Court Opinion

ID: 5606118
Source: CourtListenerOpinion
Date Created: 2022-01-11 03:43:56.549983+00
Date Added: 2024-06-11T08:36:56.927142
License: Public Domain

Russell, J.
If the evidence points to the defendant’s guilt of any offense, it is that of selling intoxicating liquor, of which the recorder’s court has no jurisdiction, because the State courts alone .have cognizance of this offense. Moran v. Atlanta, 102 Ga. 840 (30 S. E. 298).

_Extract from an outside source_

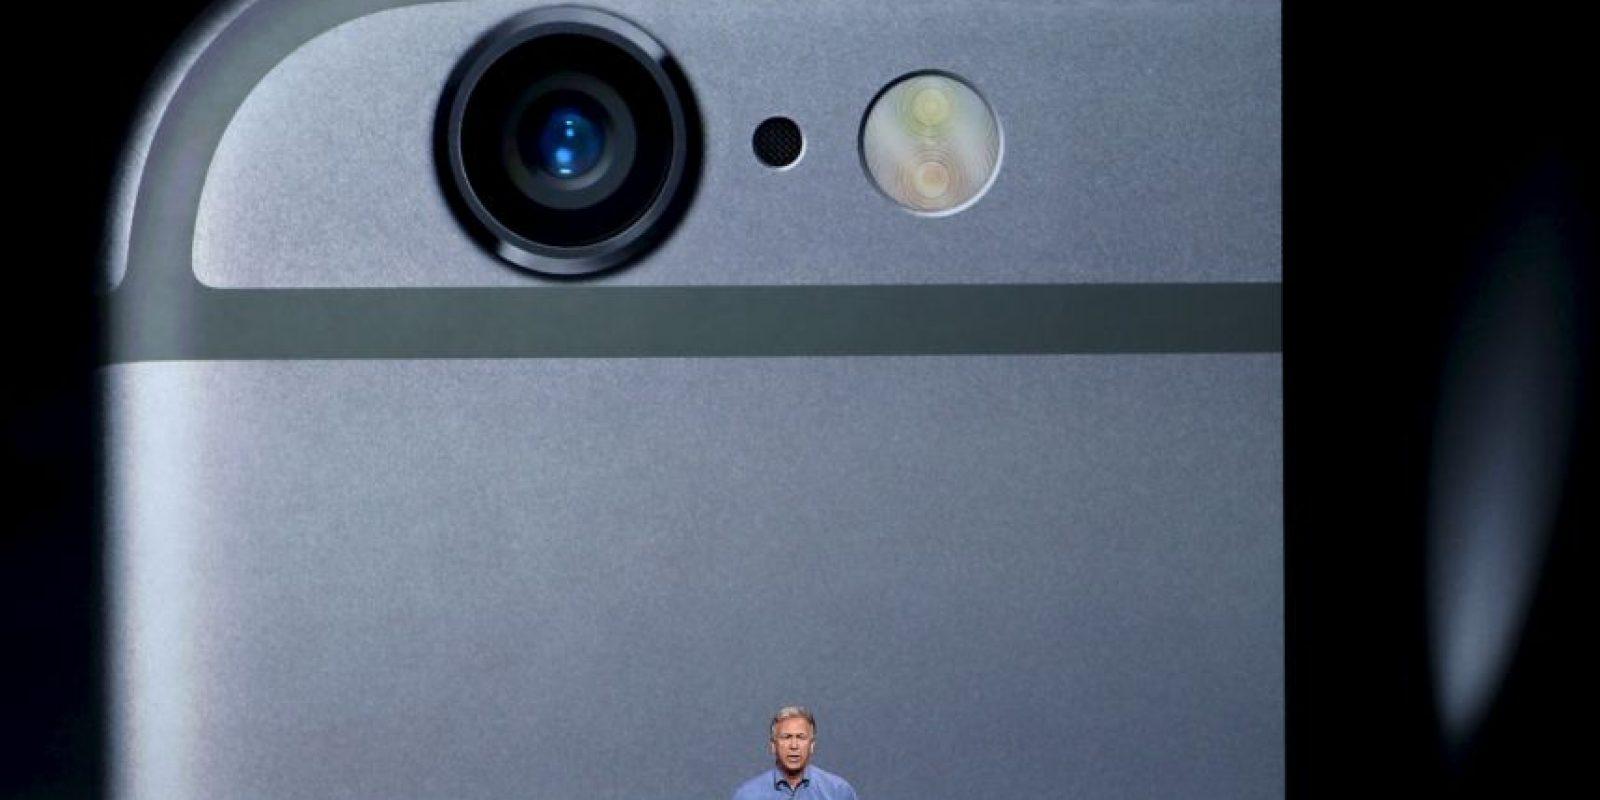 Ming-Chi asegura que su cámara sería de 12 megapixeles mejorándola para obtener imágenes con mejor resolución y un zoom a detalle Foto:Getty Images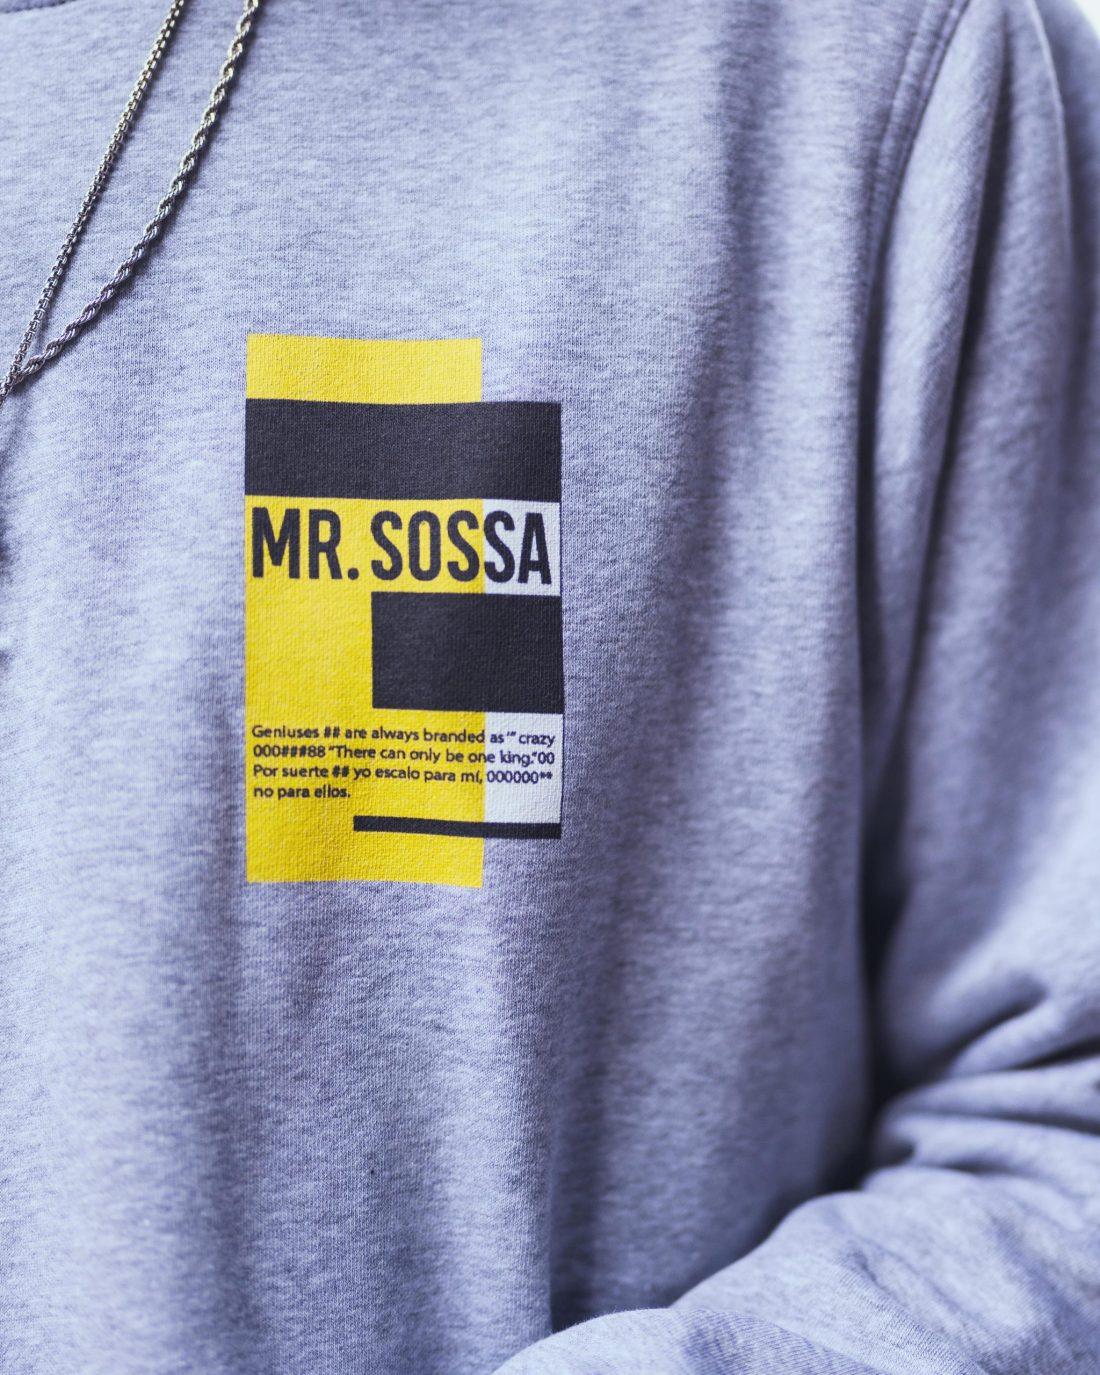 SOSSA_026-min

If there were circumstances indicating that the accused had been in possession or control of the liquor in question, the evidence of an illegal sale might be sufficient to support the inference that he was keeping it for sale in violation of a municipal ordinance; but there being no such evidence in the record, and, on the contrary, the only testimony upon that branch ■of the case being to the effect that the whisky was in fact obtained from one other than the defendant, upon the street and not upon the premises of the defendant, the evidence is insufficient to authorize conviction; and the judge of the superior court erred in overruling the •certiorari. The slight circumstance which connected the accused with the alleged sale (and in this case the conclusion that the liquor was kept for sale must depend on proof of a sale) did not exclude every •other reasonable hypothesis than that the one pint of whisky which was found, partly consumed, in the defendant’s house, was kept for the purpose of illegal sale. . Judgment reversed.